▶ _DATA EXTRACT_:
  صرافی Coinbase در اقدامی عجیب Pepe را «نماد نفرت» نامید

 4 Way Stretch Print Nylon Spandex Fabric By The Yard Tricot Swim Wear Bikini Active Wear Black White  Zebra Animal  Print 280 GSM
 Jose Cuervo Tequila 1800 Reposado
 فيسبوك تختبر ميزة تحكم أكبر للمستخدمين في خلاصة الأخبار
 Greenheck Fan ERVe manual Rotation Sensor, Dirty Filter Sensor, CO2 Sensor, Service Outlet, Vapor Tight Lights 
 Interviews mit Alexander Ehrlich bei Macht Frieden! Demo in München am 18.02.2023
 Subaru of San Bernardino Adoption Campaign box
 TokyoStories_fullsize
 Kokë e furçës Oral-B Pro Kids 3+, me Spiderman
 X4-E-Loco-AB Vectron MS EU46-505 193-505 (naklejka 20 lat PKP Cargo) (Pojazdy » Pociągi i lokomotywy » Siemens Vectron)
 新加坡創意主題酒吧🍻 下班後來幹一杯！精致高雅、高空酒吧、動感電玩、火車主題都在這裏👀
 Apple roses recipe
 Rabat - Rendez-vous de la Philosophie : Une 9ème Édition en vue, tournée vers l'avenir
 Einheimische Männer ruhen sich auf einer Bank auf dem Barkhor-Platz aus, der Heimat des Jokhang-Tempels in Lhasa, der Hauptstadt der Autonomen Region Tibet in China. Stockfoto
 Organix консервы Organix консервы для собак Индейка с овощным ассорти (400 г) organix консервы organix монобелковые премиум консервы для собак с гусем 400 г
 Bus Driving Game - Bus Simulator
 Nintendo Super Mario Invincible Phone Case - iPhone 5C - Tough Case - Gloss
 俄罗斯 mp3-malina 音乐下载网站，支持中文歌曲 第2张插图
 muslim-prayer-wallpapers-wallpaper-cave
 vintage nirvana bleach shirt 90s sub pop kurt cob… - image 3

▶ _YOUR INSTRUCTIONS_: Set down the listing in full, keeping every word exactly as it is.

▶ _EXERCISE SOLUTION_:
  صرافی Coinbase در اقدامی عجیب Pepe را «نماد نفرت» نامید

 4 Way Stretch Print Nylon Spandex Fabric By The Yard Tricot Swim Wear Bikini Active Wear Black White  Zebra Animal  Print 280 GSM
 Jose Cuervo Tequila 1800 Reposado
 فيسبوك تختبر ميزة تحكم أكبر للمستخدمين في خلاصة الأخبار
 Greenheck Fan ERVe manual Rotation Sensor, Dirty Filter Sensor, CO2 Sensor, Service Outlet, Vapor Tight Lights 
 Interviews mit Alexander Ehrlich bei Macht Frieden! Demo in München am 18.02.2023
 Subaru of San Bernardino Adoption Campaign box
 TokyoStories_fullsize
 Kokë e furçës Oral-B Pro Kids 3+, me Spiderman
 X4-E-Loco-AB Vectron MS EU46-505 193-505 (naklejka 20 lat PKP Cargo) (Pojazdy » Pociągi i lokomotywy » Siemens Vectron)
 新加坡創意主題酒吧🍻 下班後來幹一杯！精致高雅、高空酒吧、動感電玩、火車主題都在這裏👀
 Apple roses recipe
 Rabat - Rendez-vous de la Philosophie : Une 9ème Édition en vue, tournée vers l'avenir
 Einheimische Männer ruhen sich auf einer Bank auf dem Barkhor-Platz aus, der Heimat des Jokhang-Tempels in Lhasa, der Hauptstadt der Autonomen Region Tibet in China. Stockfoto
 Organix консервы Organix консервы для собак Индейка с овощным ассорти (400 г) organix консервы organix монобелковые премиум консервы для собак с гусем 400 г
 Bus Driving Game - Bus Simulator
 Nintendo Super Mario Invincible Phone Case - iPhone 5C - Tough Case - Gloss
 俄罗斯 mp3-malina 音乐下载网站，支持中文歌曲 第2张插图
 muslim-prayer-wallpapers-wallpaper-cave
 vintage nirvana bleach shirt 90s sub pop kurt cob… - image 3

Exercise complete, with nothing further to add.